Reputation: 9073
I do not understand the difference between dataflow and pipeline in Azure Data Factory.
I have read and see DataFlow can Transform Data without writing any line of code.
But I have made a pipeline and this is exactly the same thing.
Thanks
Upvotes: 17
Views: 19641
Reputation: 23782
Firstly, dataflow activity need to be executed in the pipeline. So I suspect that you are talking about the copy activity and dataflow activity as both of them are used for transferring data from source to sink.
I have read and see DataFlow can Transform Data without writing any line of code.
Your could see the overview of Data Flow. Data flow allows data engineers to develop graphical data transformation logic without writing code. All data transfer steps are based on visual interfaces.
I have made a pipeline and this is exactly the same thing.
Copy activity could be used for data transmission. However, it has many limitations with column mapping.
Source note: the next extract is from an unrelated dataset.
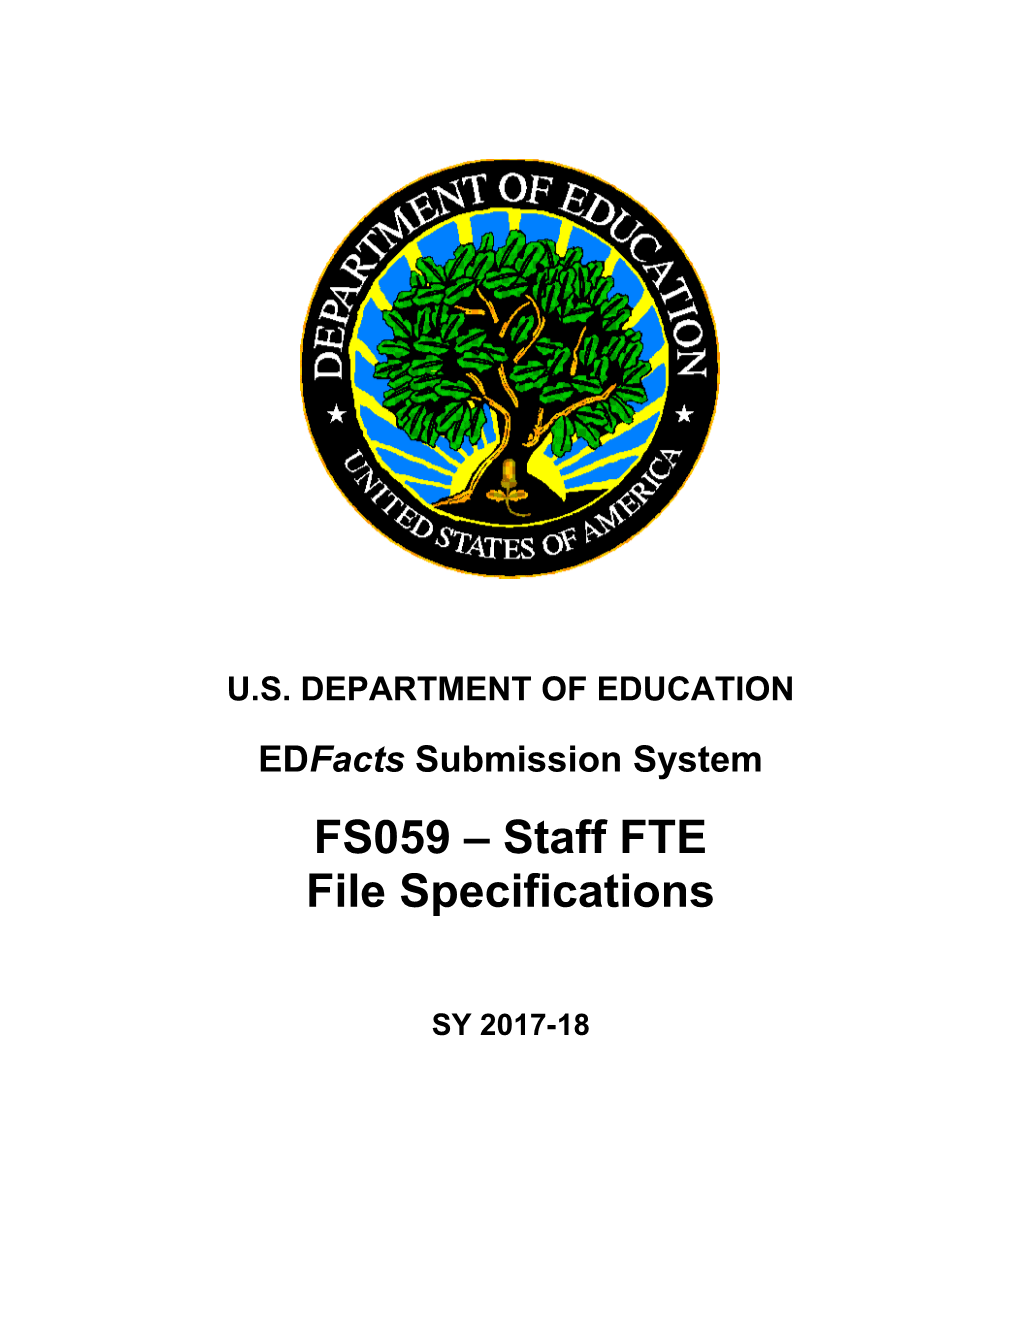 FS059 Staff FTE File Specifications (Msword)

So,if you just need simple and pure data transmission, Copy Activity could be used. In order to further meet the personalized needs, you could find many built-in features in the Data Flow Activity. For example, Derived column, Aggregate,Sort etc.
Upvotes: 4
Reputation: 7728
A Pipeline is an orchestrator and does not transform data. It manages a series of one or more activities, such as Copy Data or Execute Stored Procedure. Data Flow is one of these activity types and is very different from a Pipeline.
Data Flow performs row and column level transformations, such as parsing values, calculations, adding/renaming/deleting columns, even adding or removing rows. At runtime a Data Flow is executed in a Spark environment, not the Data Factory execution runtime.
A Pipeline can run without a Data Flow, but a Data Flow cannot run without a Pipeline.
Upvotes: 28